2024 will be a very challenging year for knowledge-intensive tech and services firms. Even non-profits will find fundraising more difficult, as both business and consumers have less discretionary spendfing power this year. But this is not a doom-and-gloom post: it's rooted in optimism!

At Being Guided we are offering a free 30-minute Discovery Workshop to CEOs and sales leaders (business, consumer or non-profit) and who want to measurably increase sales effectiveness. This is an introduction to our interpretation of Value Engineering and how it can make a real difference to you, if you are engaging in a high-value, high-touch sell.

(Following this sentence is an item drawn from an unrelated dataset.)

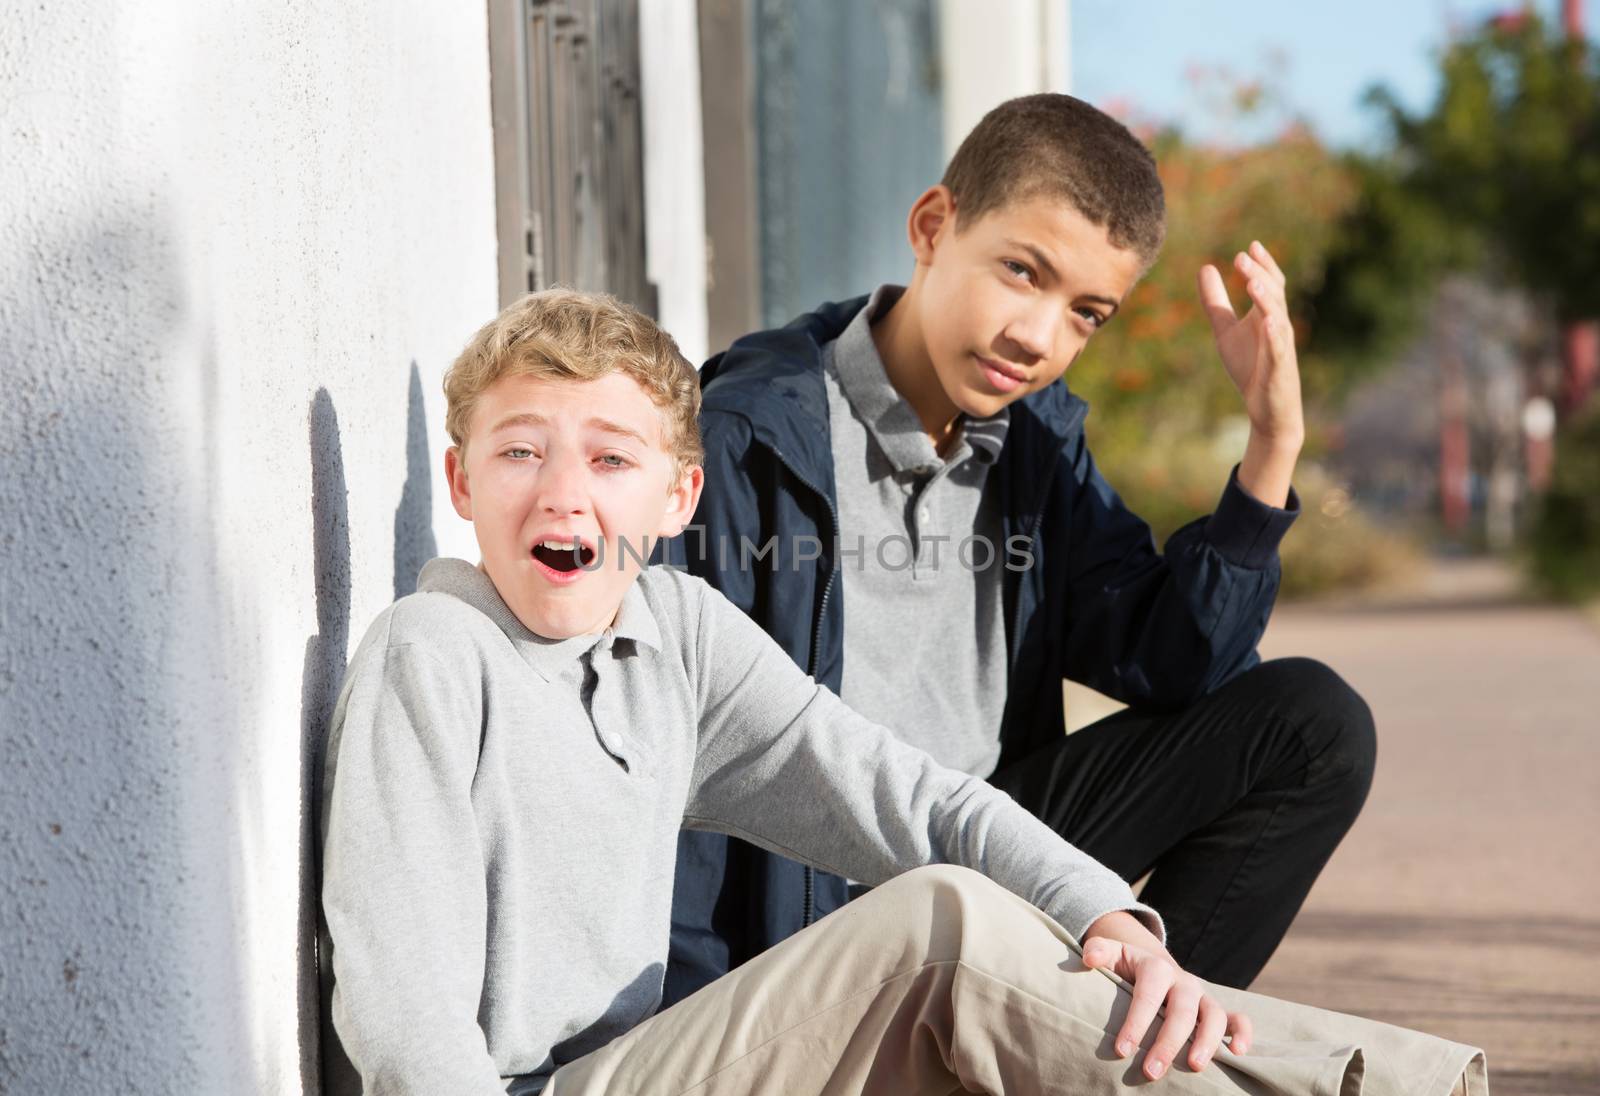 Embarrassed teen sitting next to yelling friend outside near wall

At Being Guided, we define Value Engineering as a combination of a method and set of interactive tools embedded in Salesforce - all designed to help knowledge-intensive tech and services firms or non-profit organisations to better defend value over price and increase sales effectiveness.

In this blog post I talk about four key elements of Value Engineering that applies to the high-value, high-touch sell - and how this can measurably work for you:

  1. Be Proactive Not Reactive.
  2. Let Buyers Validate Forecasts.
  3. Engage in Mutual Value Discovery.
  4. Apply ROI Modelling.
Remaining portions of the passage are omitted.